4.4    Titles. Titles are provided herein for convenience only and are not to serve as a basis for interpretation or construction of this Agreement.

4.5    Conformity to Securities Laws. Participant acknowledges that the Plan, the Grant Notice and this Agreement are intended to conform to the extent necessary with all Applicable Laws and, to the extent Applicable Laws permit, will be deemed amended as necessary to conform to Applicable Laws.

4.6    Successors and Assigns. The Company may assign any of its rights under this Agreement to a single or multiple assignees, and this Agreement will inure to the benefit of the successors and assigns of the Company. Subject to the restrictions on transfer set forth in this Agreement or the Plan, this Agreement will be binding upon and inure to the benefit of the heirs, legatees, legal representatives, successors and assigns of the parties hereto.

4.7    Limitations Applicable to Section 16 Persons. Notwithstanding any other provision of the Plan or this Agreement, if Participant is subject to Section 16 of the Exchange Act, the Plan, the Grant Notice, this Agreement and the PSUs will be subject to any additional limitations set forth in any applicable exemptive rule under Section 16 of the Exchange Act (including any amendment to Rule 16b-3) that are requirements for the application of such exemptive rule. To the extent Applicable Laws permit, this Agreement will be deemed amended as necessary to conform to such applicable exemptive rule.

4.8    Non-Disparagement.

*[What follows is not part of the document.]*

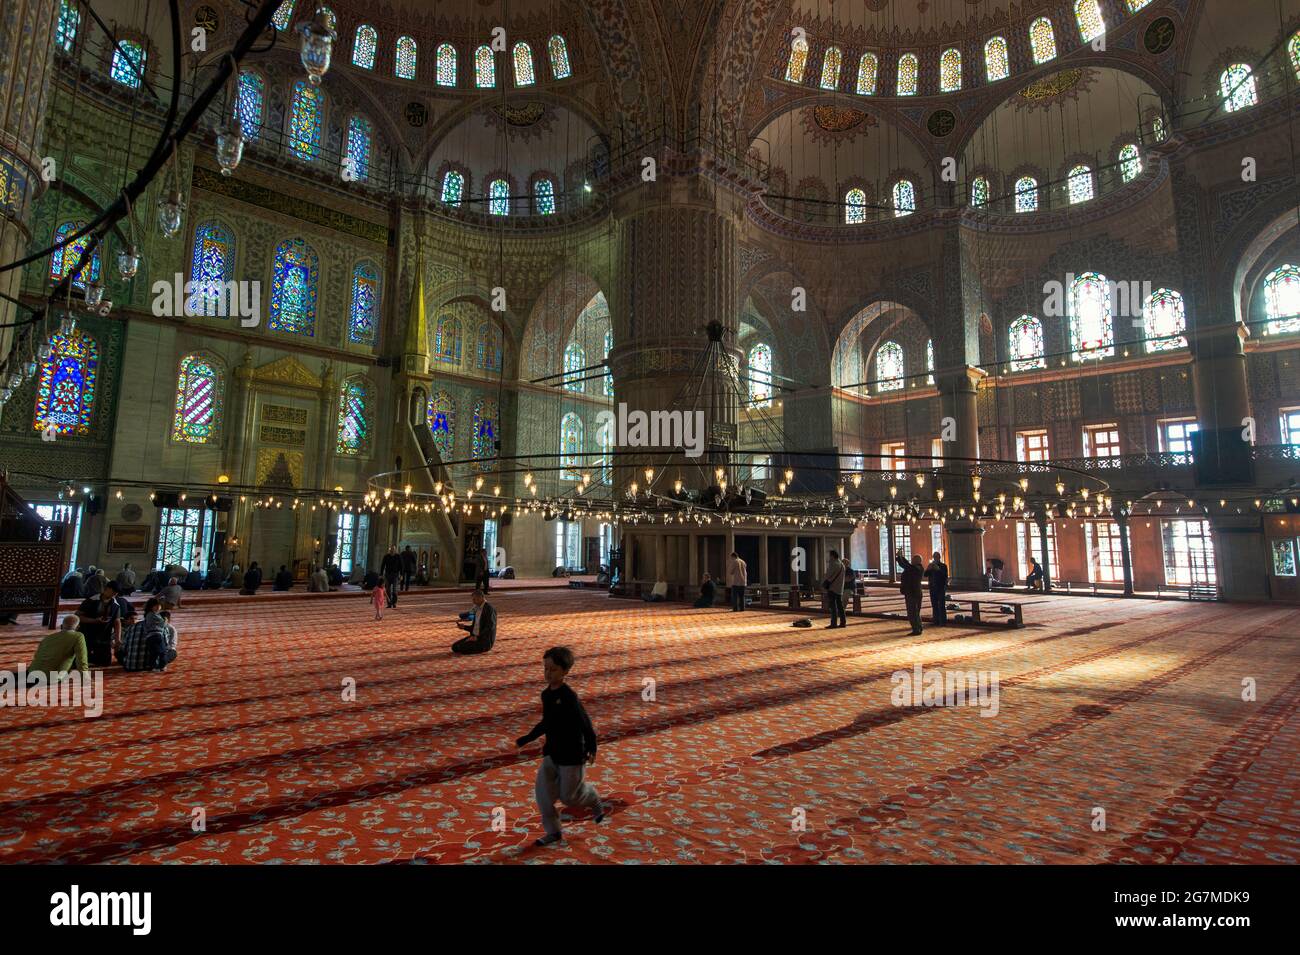 Die Sultan-Ahmed-Moschee, auch als Blaue Moschee bekannt, ist eine Moschee aus der osmanischen Zeit in Istanbul, Türkei. Eine funktionierende Moschee, zieht es auch große Stockfoto

During Participant’s Service and thereafter, the Company and Participant agree that each party (which, with respect to the Company, shall refer to its officers and directors) will not, at any time, make, directly or indirectly, any oral or written statements that are disparaging of the other party, the products or services, or in the case of Participant, any of the Company’s present or former officers, equity holders, directors or employees; provided that either party may confer in confidence with his or her or its legal representatives and make demonstrably true statements.

4.9    Entire Agreement; Amendment. The Plan, the Grant Notice and this Agreement (including any exhibit hereto) constitute the entire agreement of the parties and supersede in their entirety all prior undertakings and agreements of the Company and Participant with respect to the subject matter hereof. To the extent permitted by the Plan, this Agreement may be wholly or partially amended or otherwise modified, suspended or terminated at any time or from time to time by the Administrator or the Board; provided, however, that except as may otherwise be provided by the Plan, no amendment, modification, suspension or termination of this Agreement shall materially and adversely affect the PSUs without the prior written consent of Participant.

4.10    Agreement Severable. In the event that any provision of the Grant Notice or this Agreement is held illegal or invalid, the provision will be severable from, and the illegality or invalidity of the provision will not be construed to have any effect on, the remaining provisions of the Grant Notice or this Agreement.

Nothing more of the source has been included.